Двугорбый Янус. Сергей Буянов
Я вслух так и сказал. А она медленно так, как в кино замедленном, разворачивает голову лицом ко мне. И вижу я её голову по частям: сначала ухо с заросшей дыркой для серёжек, затем морщинистую щёку, поджатые тонкие губы и глаза, затянутые какой-то плёнкой, как у покойников бывает. Вот-те и Оленька Богатова – древняя старуха!
– Да ну? – только и сказал Афоня. Надо бы в этом месте подшутить, но почему-то не получилось. Не такую ли он видел вчера?

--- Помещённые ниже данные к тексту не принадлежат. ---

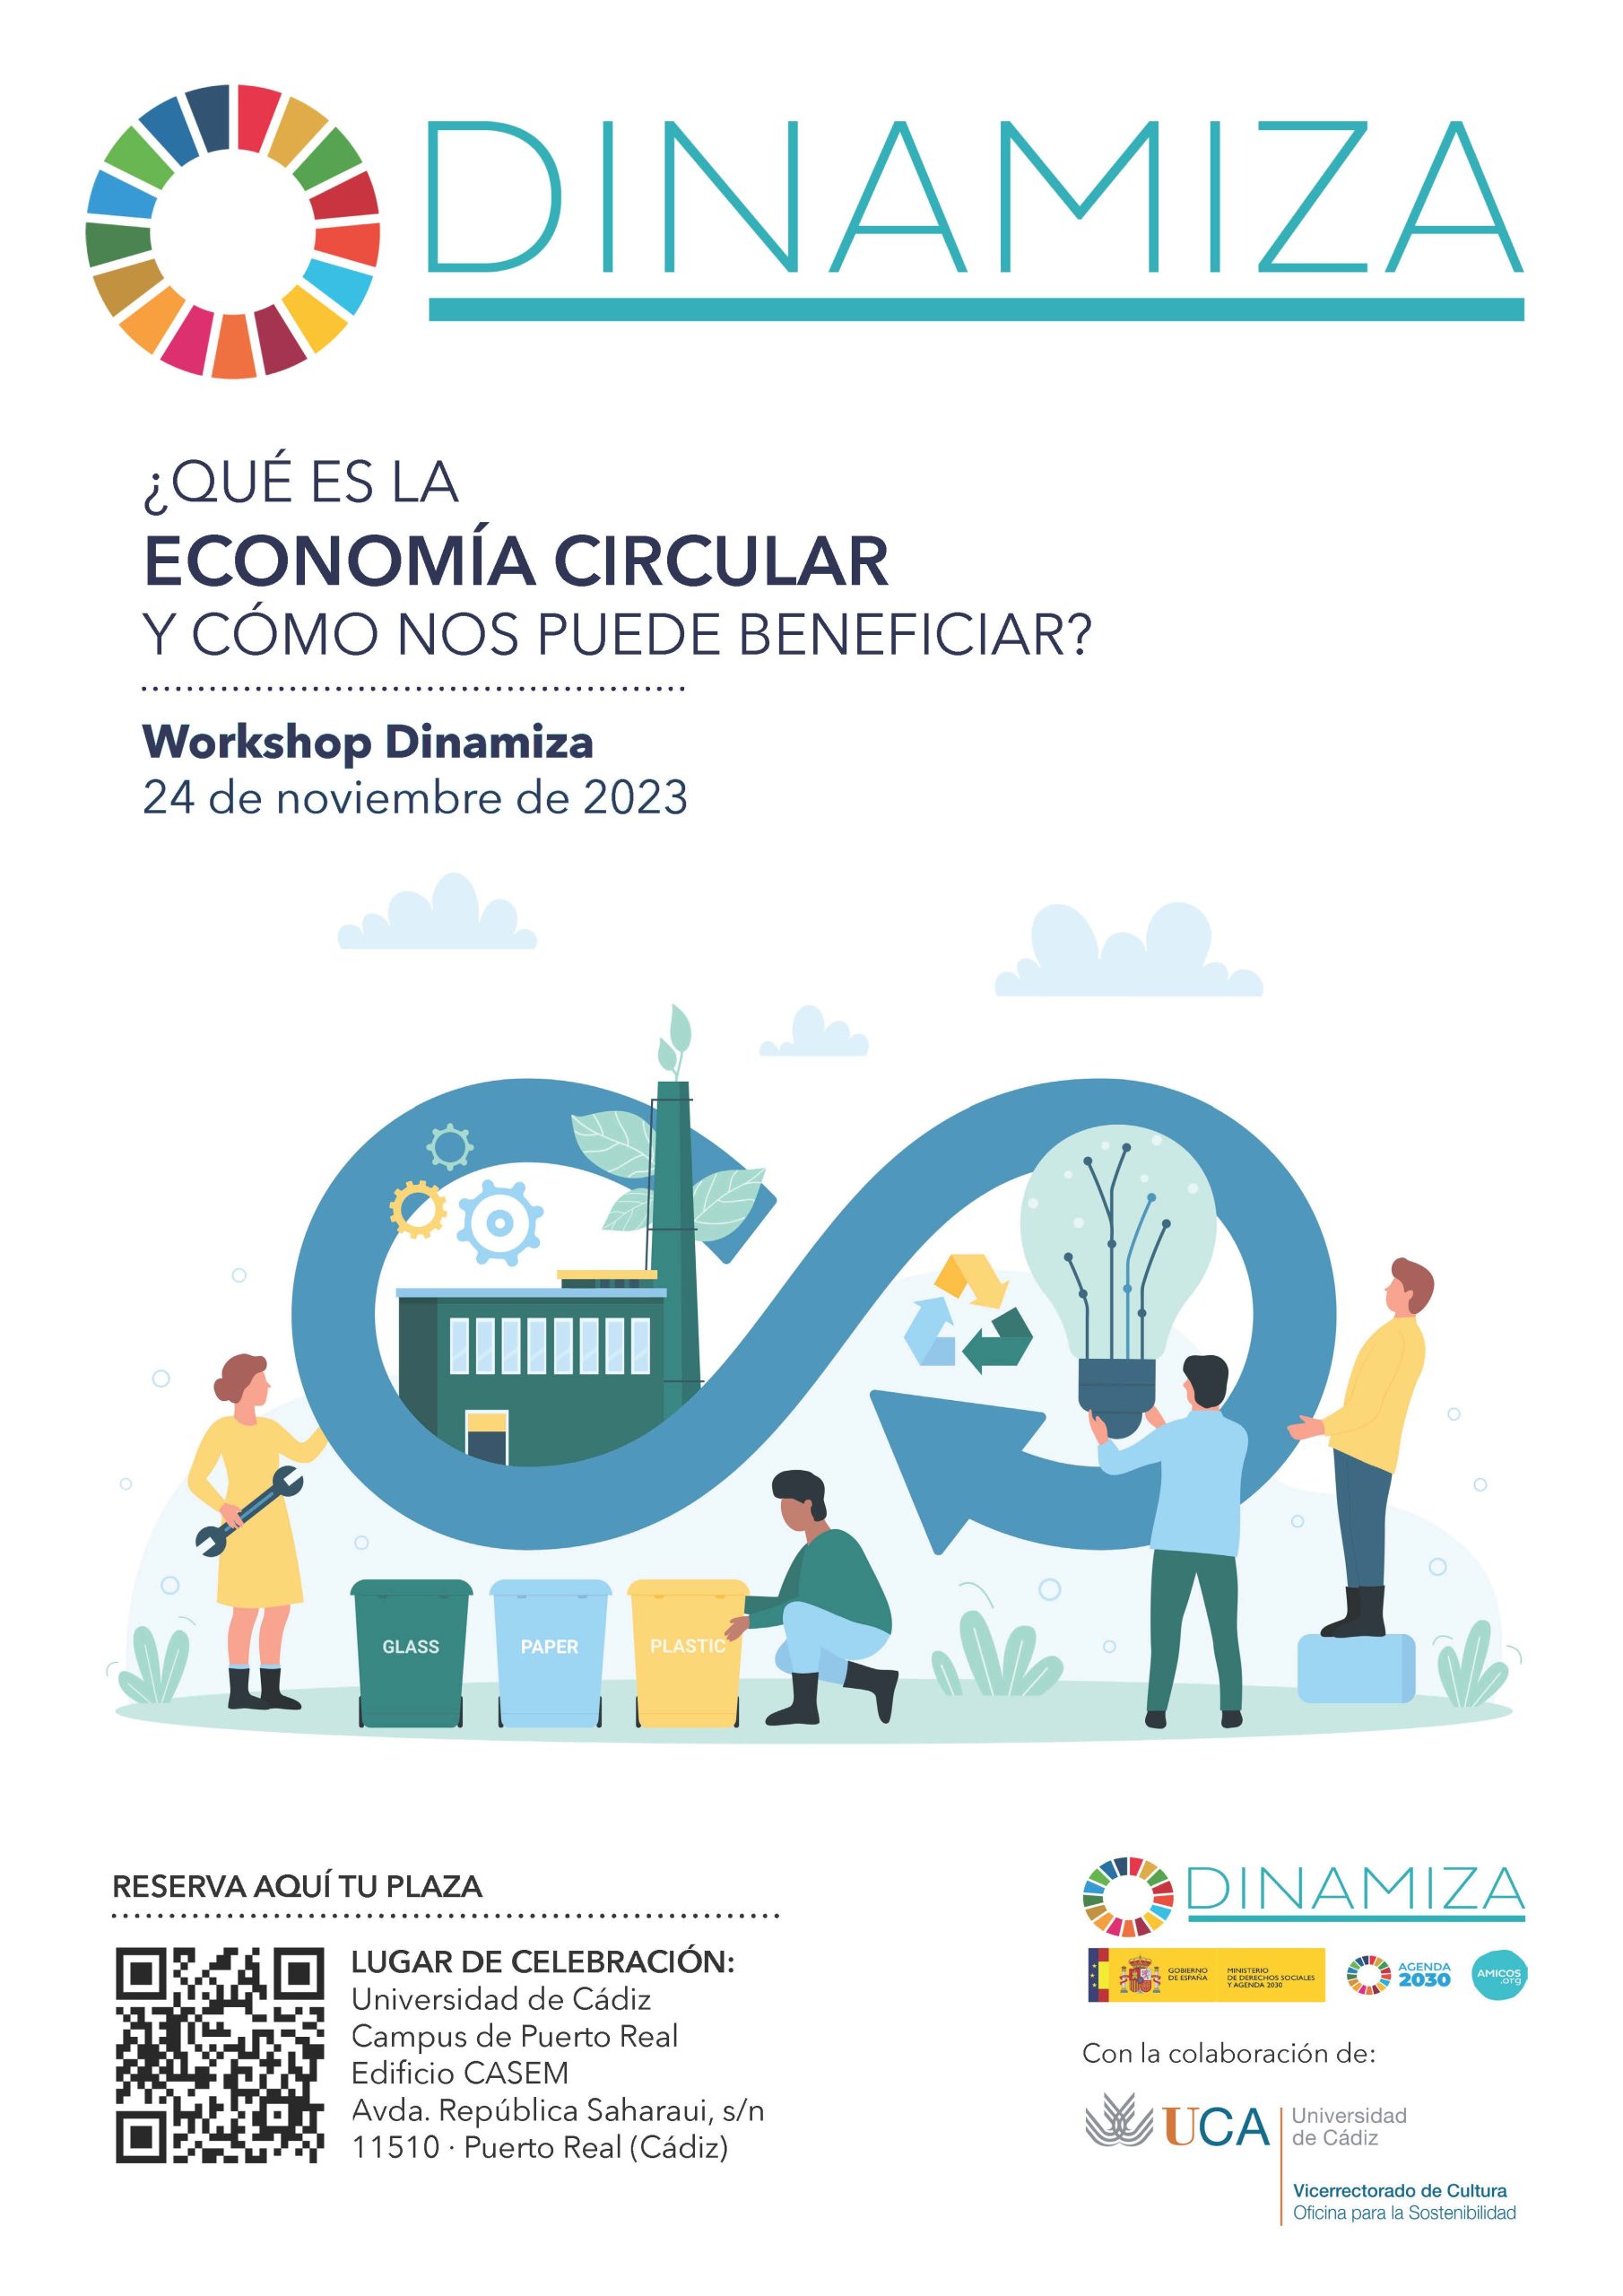 Workshop “¿Qué es la economía circular y cómo nos puede beneficiar?

– А старая говорит: «Вот, отстирала», – и главное, как ни в чём не бывало! Будто тут и была. Я её хвать за грудки, какие там грудки, тьфу! Короче, хватаю, трясу: куда Ольгу девала? А она ехидно так начала хихикать. Хихикает, хихикает, а изо рта слюна пузыриться. Мать твою, говорю, где Ольга? Утопила что ли, тварь? Смотрю в ванну, ничего! Вода уже почти стекла. Грязная, с хлопьями мыльной пены.

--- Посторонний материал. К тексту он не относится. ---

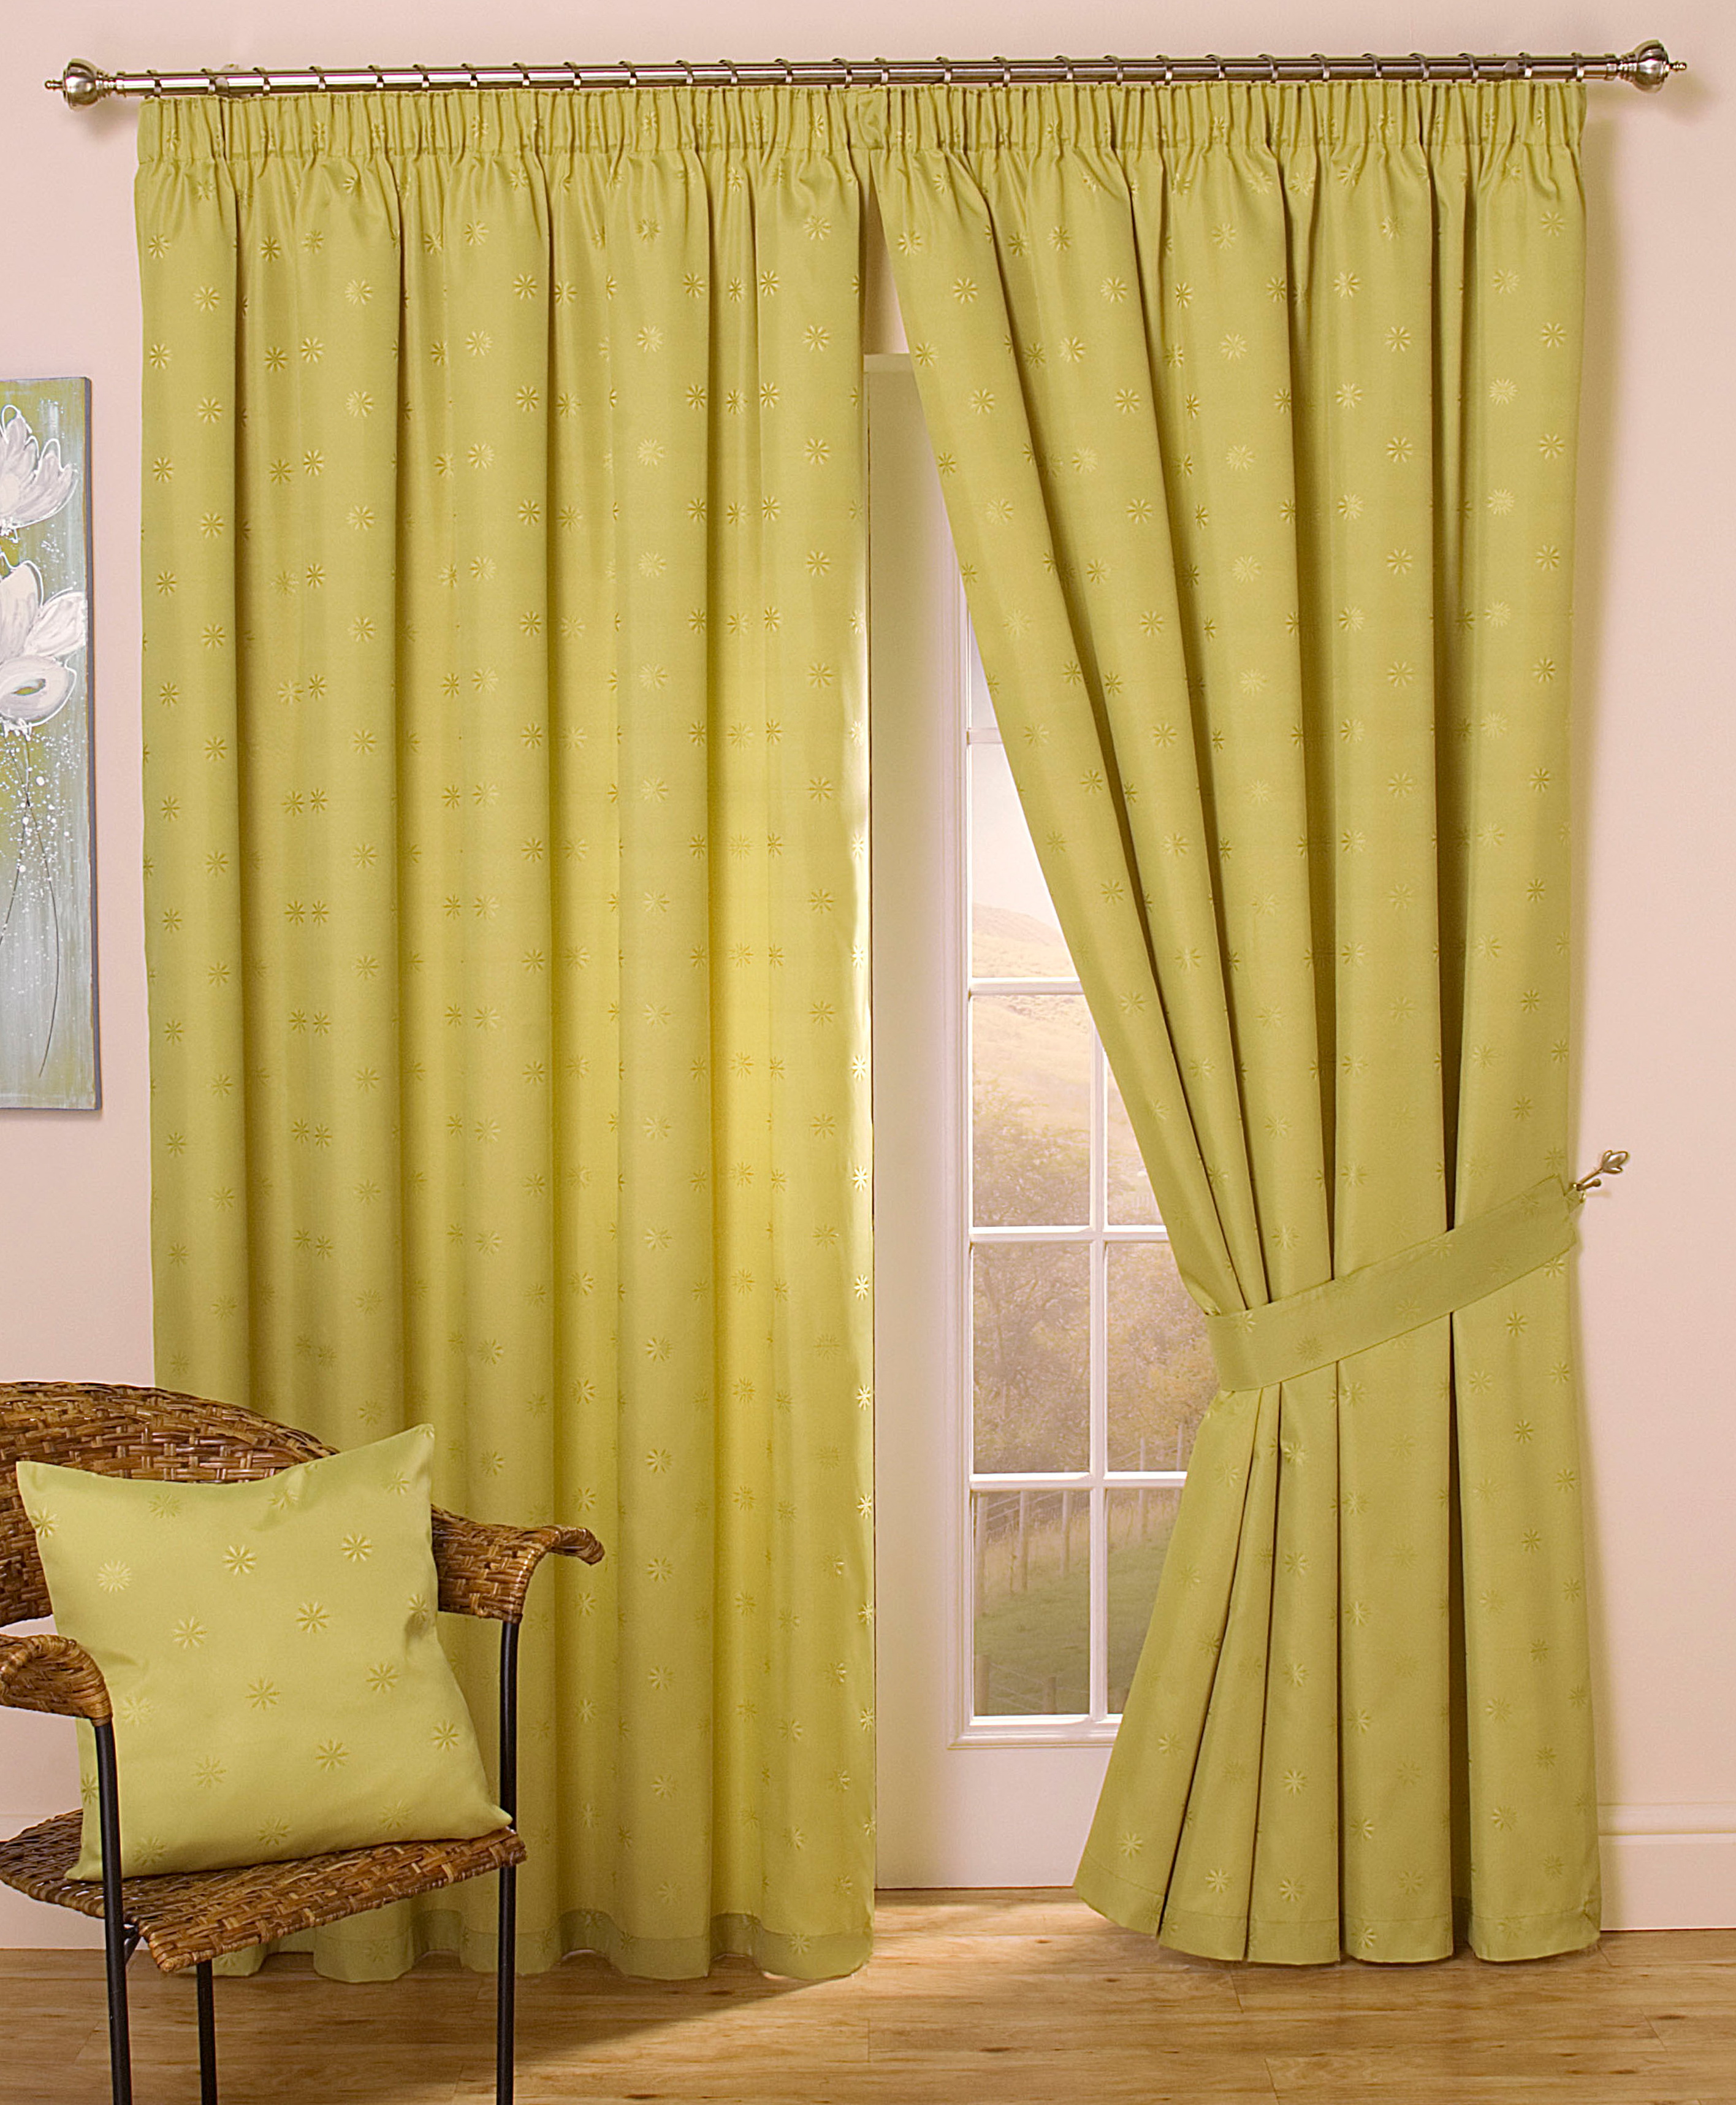 Cheap Curtains For Sale In Durban | Home Design Ideas

А старуха ржёт, продолжает. Я в двери: ну-ка подальше отсюда. А двери как заколочены! Вот тут-то меня чуть понос не прохватил. Старуха резко замолчала и говорит: «Ты дедушка Гриша, отжил своё. Вот я тебе и постирала барахло для гроба!» Ну, старая, держись! Размахиваюсь, чтобы врезать. Всю силу собрал в руку Вышибу мозги! А рука-то онемела. Хочу врезать, а не могу. Ладно, ногой достану. И нога не двигается. Только глаза мои из всего тела работают и то кое-как. Хотел выматерить её, да язык онемел. Так и стою. Жутко мне стало. Понял, колдунья это, а не какая Оленька.

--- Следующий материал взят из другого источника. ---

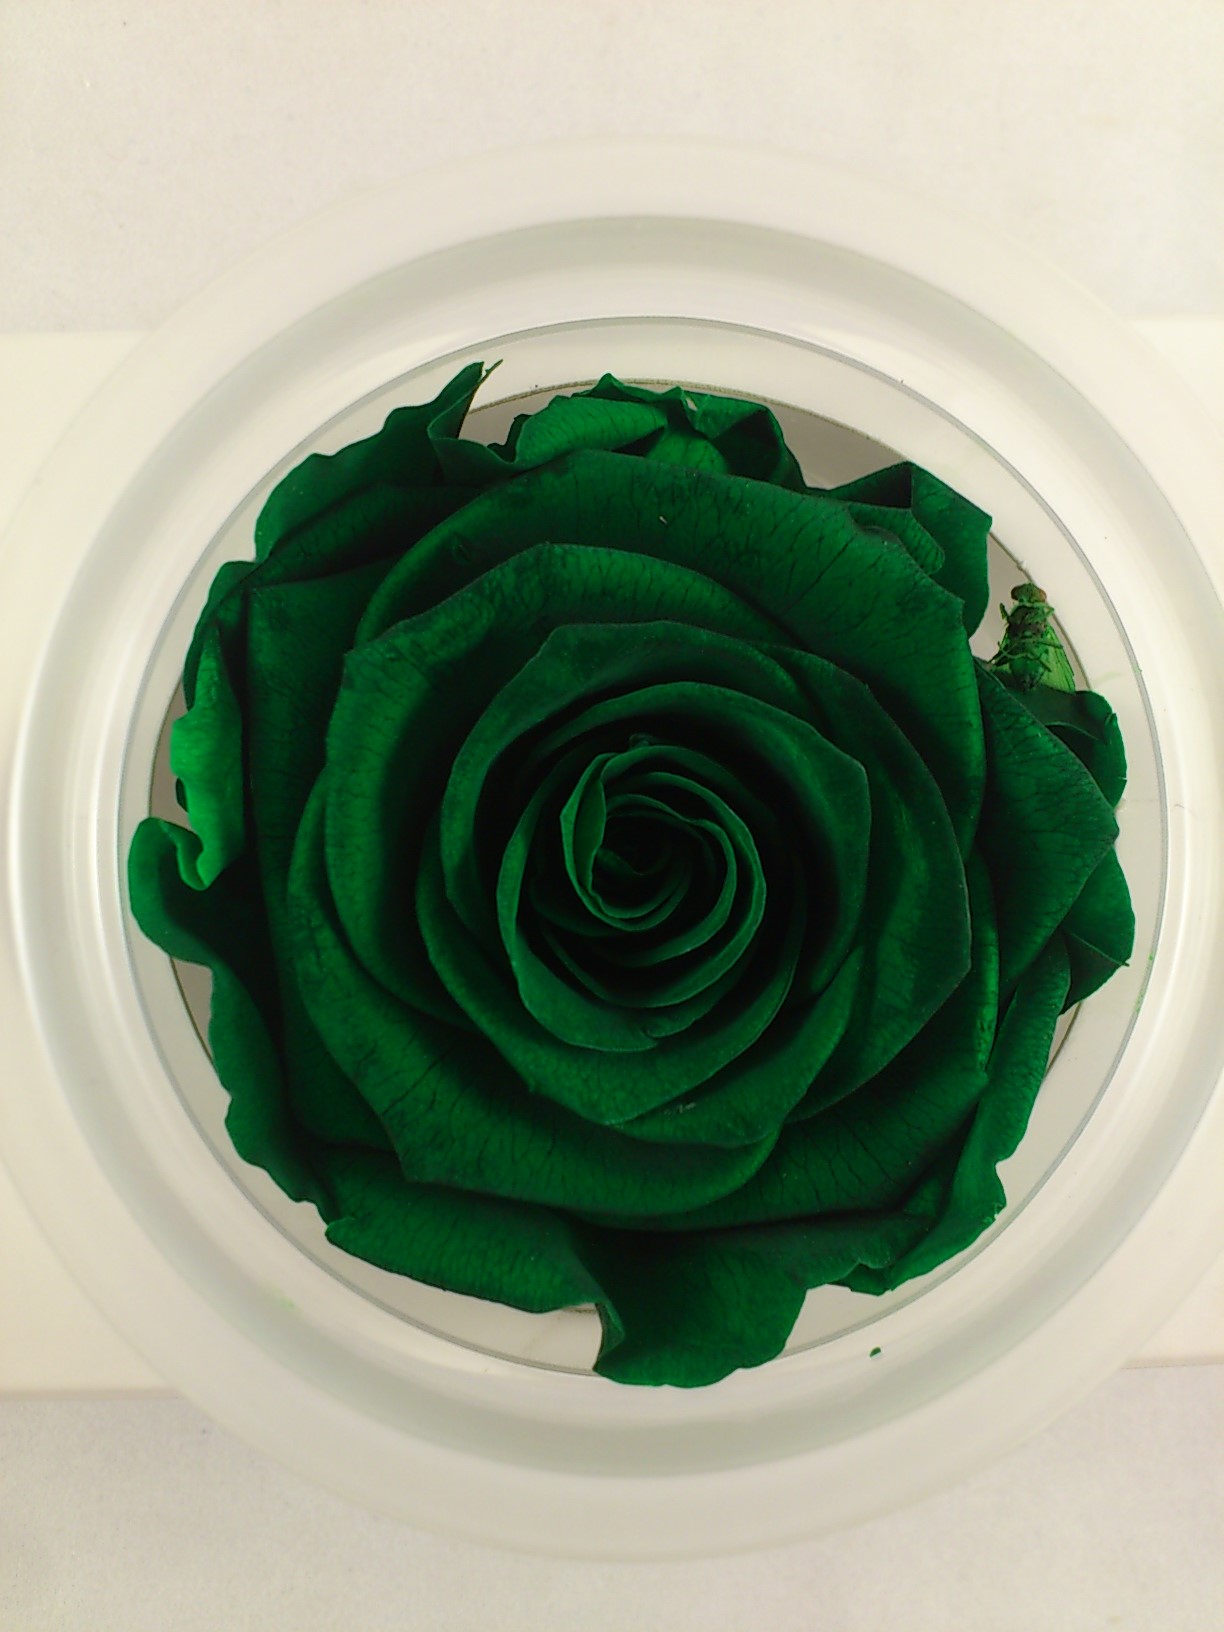 Geconserveerde roos XL Ø 6-6.5 cm emerald green

– А дальше что? – заворожено спросил Афоня
– Что-что? Позор на мою седую голову, вот что! Она начала говорить потихоньку. Ты, мол, уже мёртвый, только об этом ещё не знаешь. Попадёшь в ад напрямую! И не надейся на лучшее! Думаешь, типа воевал – Родину защищал, так рай заслужил? Фигу с маслом, так и сказала, сволочь! Начала перечислять всё, чего я говённого за свою жизнь сделал. Мать твою! Много оказалось. А потом говорит: «Тебе всё равно в ад идти – так попробуй заслужить лучшую долю! Будешь там вроде истопника: дровишки когда поднесёшь, когда водичку с серой.» Вот, сука, а? Меня в истопники? Разозлился я ещё больше, а толку-то? Не шевельнуть ни одним членом. А она говорит: «Если не хочешь сам, то силой заставлю!» А я с разинутым ртом так и стою окаменевший. Думаю, что сделает? А она титьку достала из-под халата откуда-то, знаешь, титька такая ядрёная, как у бабы кормящей! – дед Гриша причмокнул языком.
– И что?
– Что, что? Достала из кармана рог такой, знаешь, из него грузины вино хлещут. Только у неё грязный и вонючий. И давай сама себя доить, как корову И всё в рог, в рог. А потом? Позор, стыд и срам на мою седую голову! – дед пустил слезу, выпил залпом стакан и продолжил, уронив голову на руки. – Воткнула мне в рот и вылила всё молоко. Я ни плюнуть, ни сжать зубы не могу! И глотать не глотаю! Так и влила молоко в желудок, как вода из крана бежит. Даже слышал, как падает оно в брюхо. Вырвать бы, да никак! Застыл, как статуя.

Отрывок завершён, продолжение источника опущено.